— Supplied data —
· · · ·

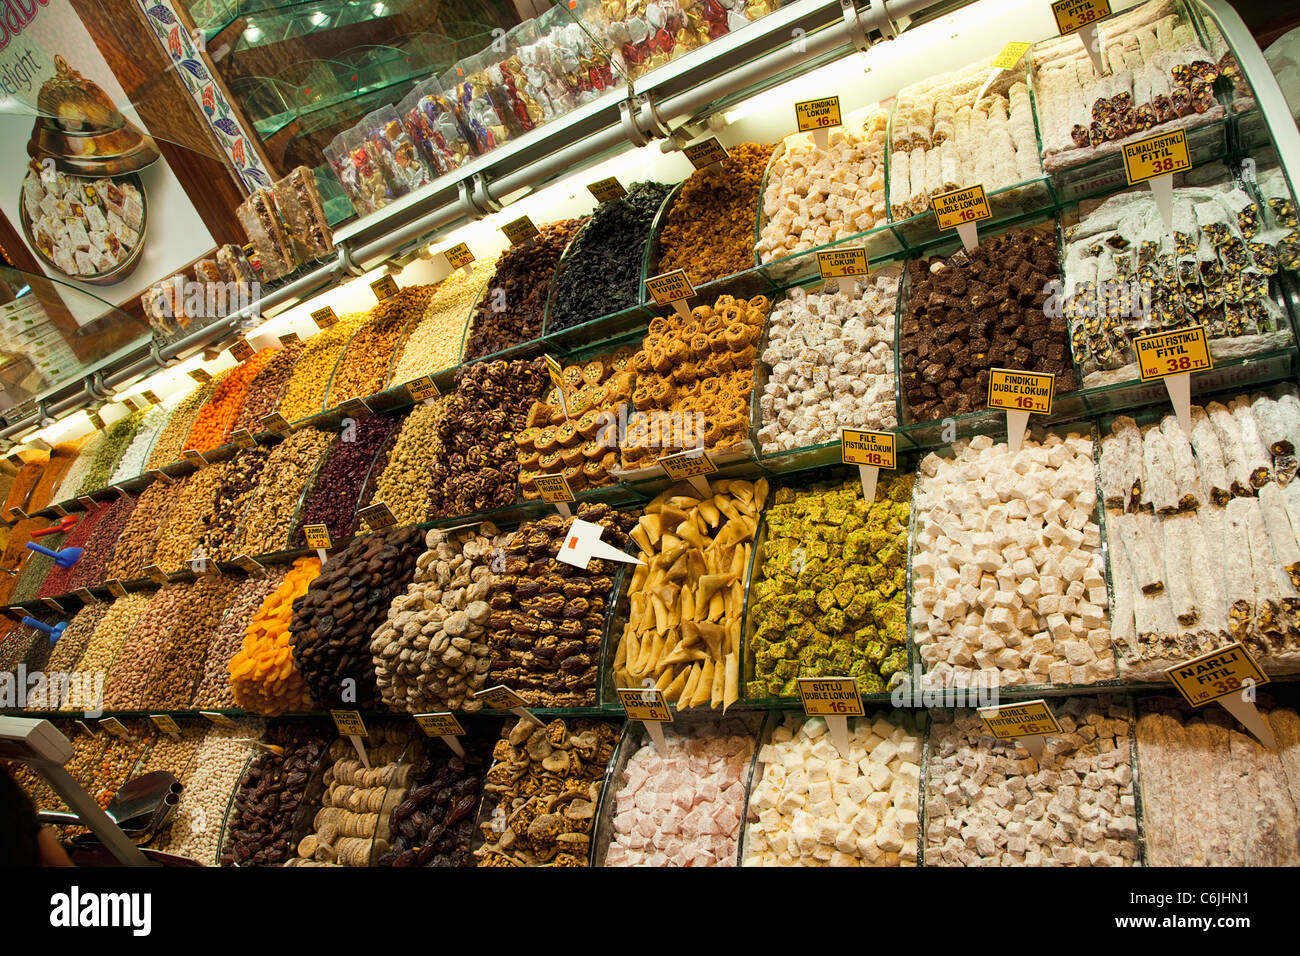 Türkei, Istanbul, Eminonu, Misir Carsisi, Spice Market Interieur. Stockfoto
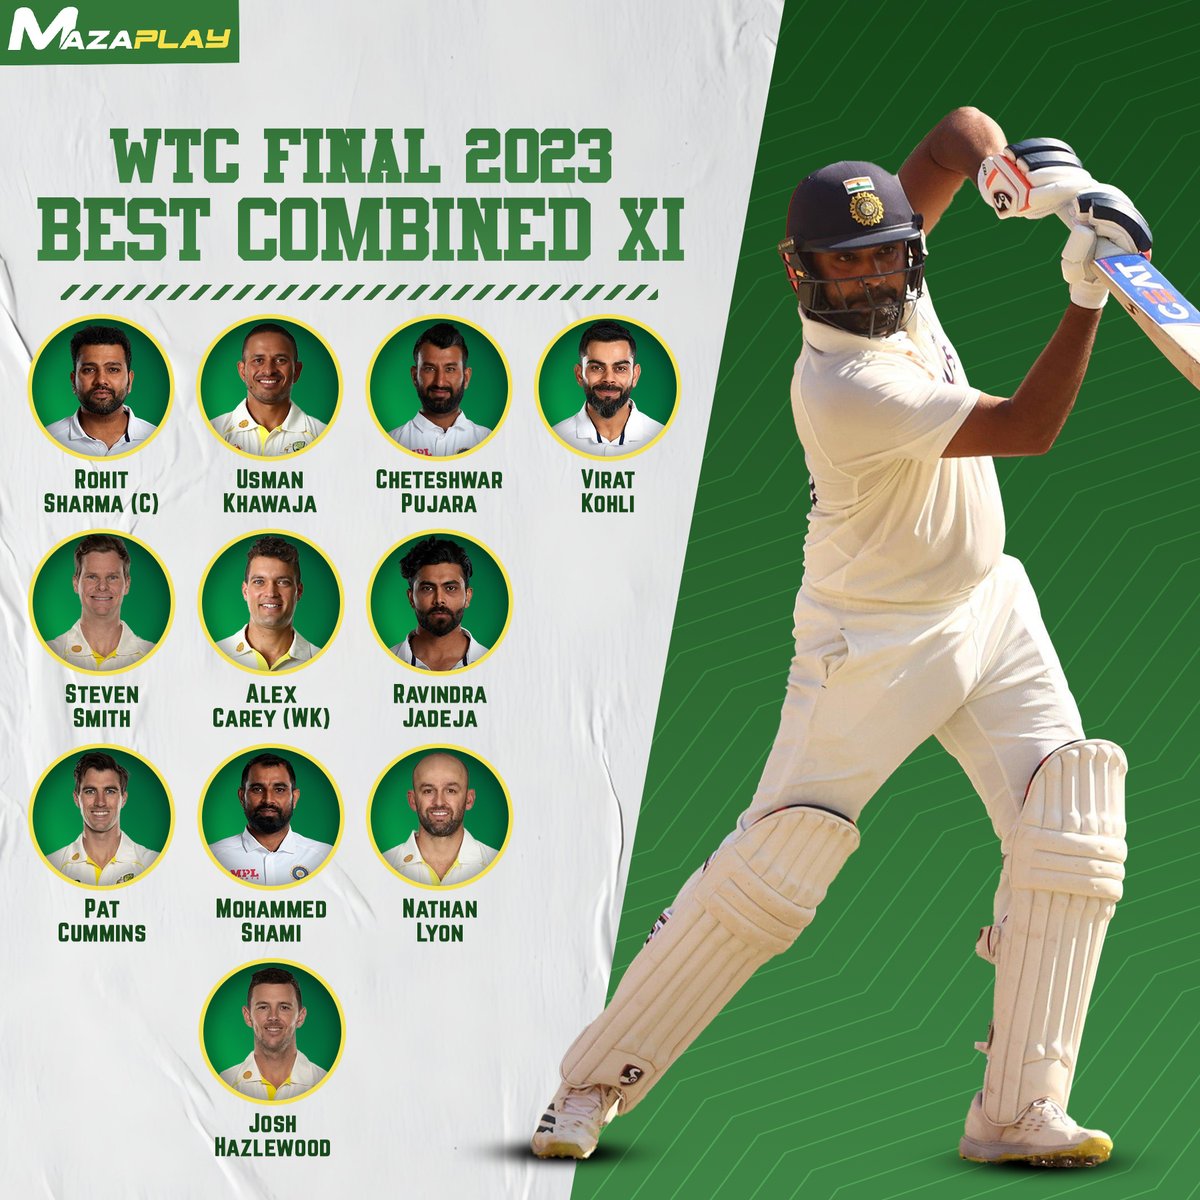 Here's our best combined XI for the WTC final 2023.

#Cricket #BestXI #AUSvIND #WTCFinal #Test #RohitSharma #PatCummins #ViratKohli #MazaPlay
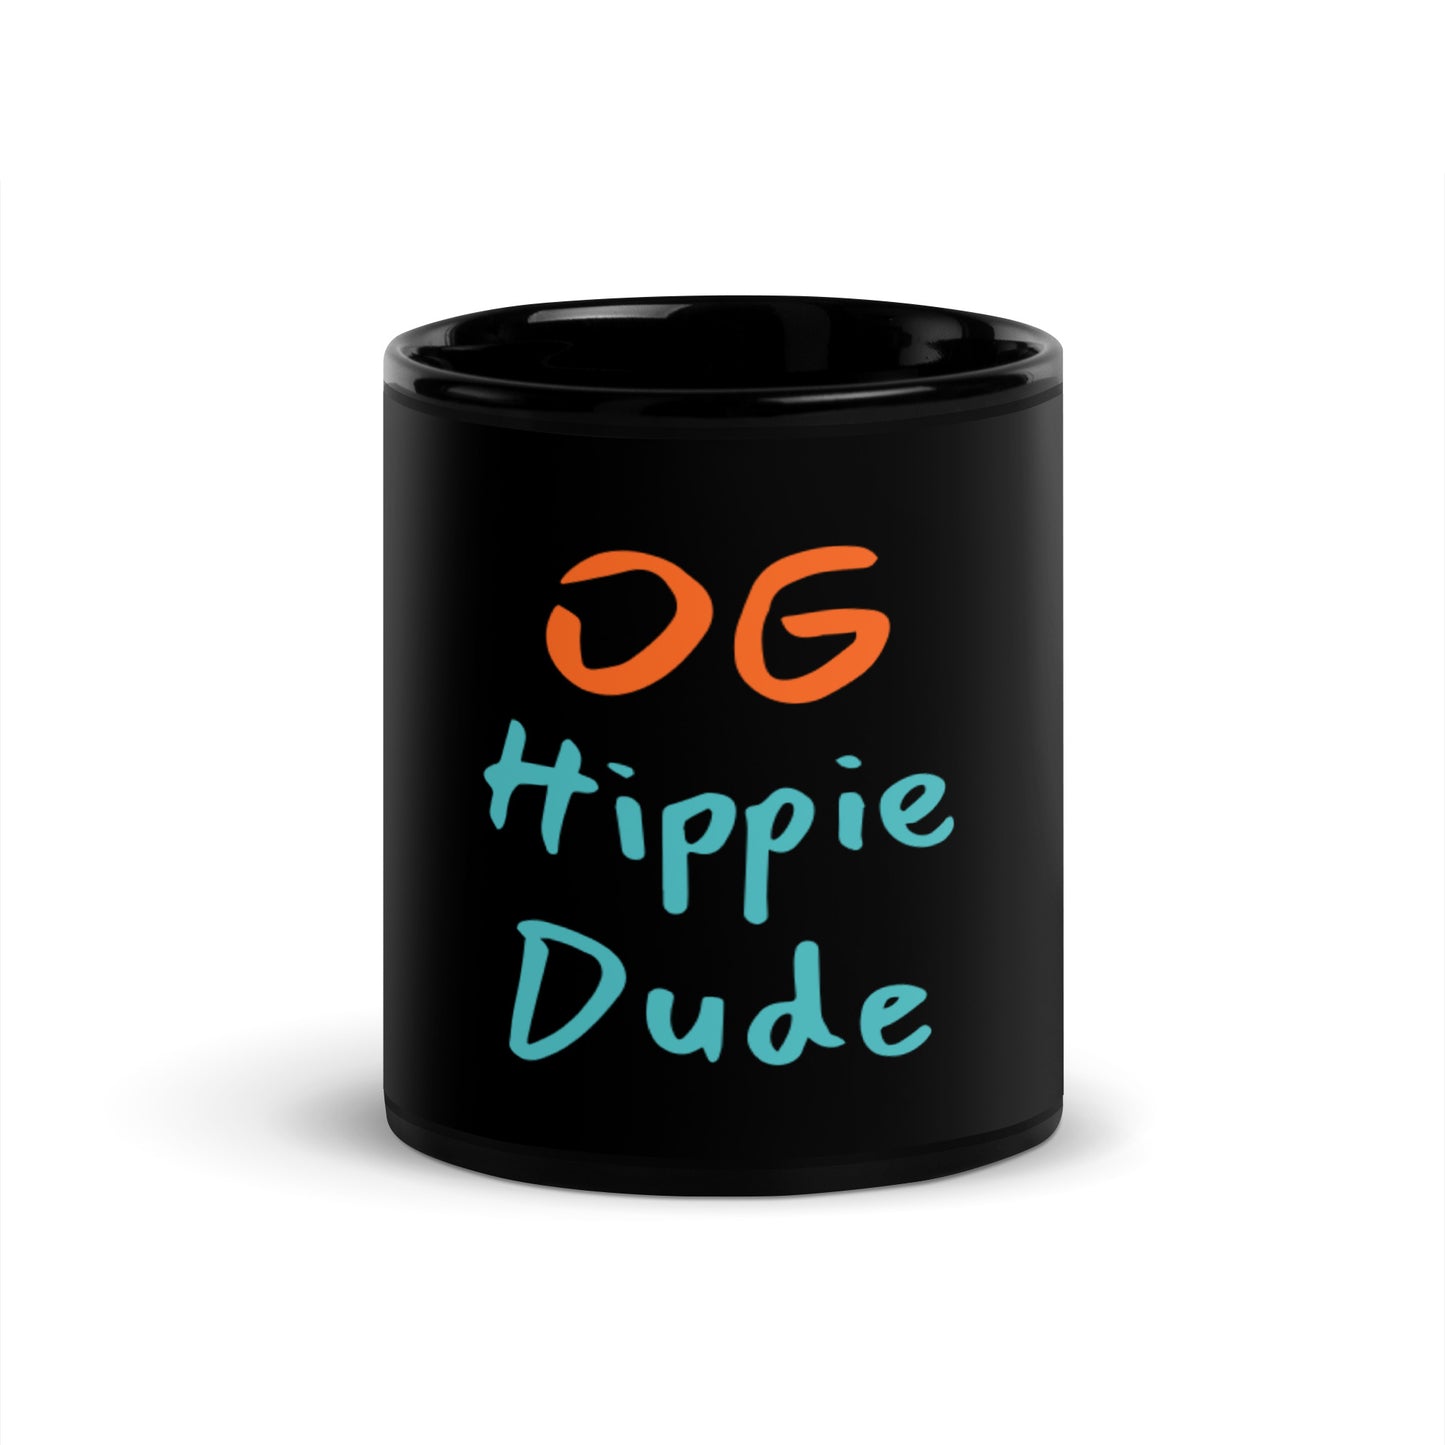 Mug noir brillant - OG Hippie Dude

· · · ·

— Your instructions —
Return the listing above in an exact copy that leaves out the images.

— Solution for this problem —
 Türkei, Istanbul, Eminonu, Misir Carsisi, Spice Market Interieur. Stockfoto
 Here's our best combined XI for the WTC final 2023.

#Cricket #BestXI #AUSvIND #WTCFinal #Test #RohitSharma #PatCummins #ViratKohli #MazaPlay
 Mug noir brillant - OG Hippie Dude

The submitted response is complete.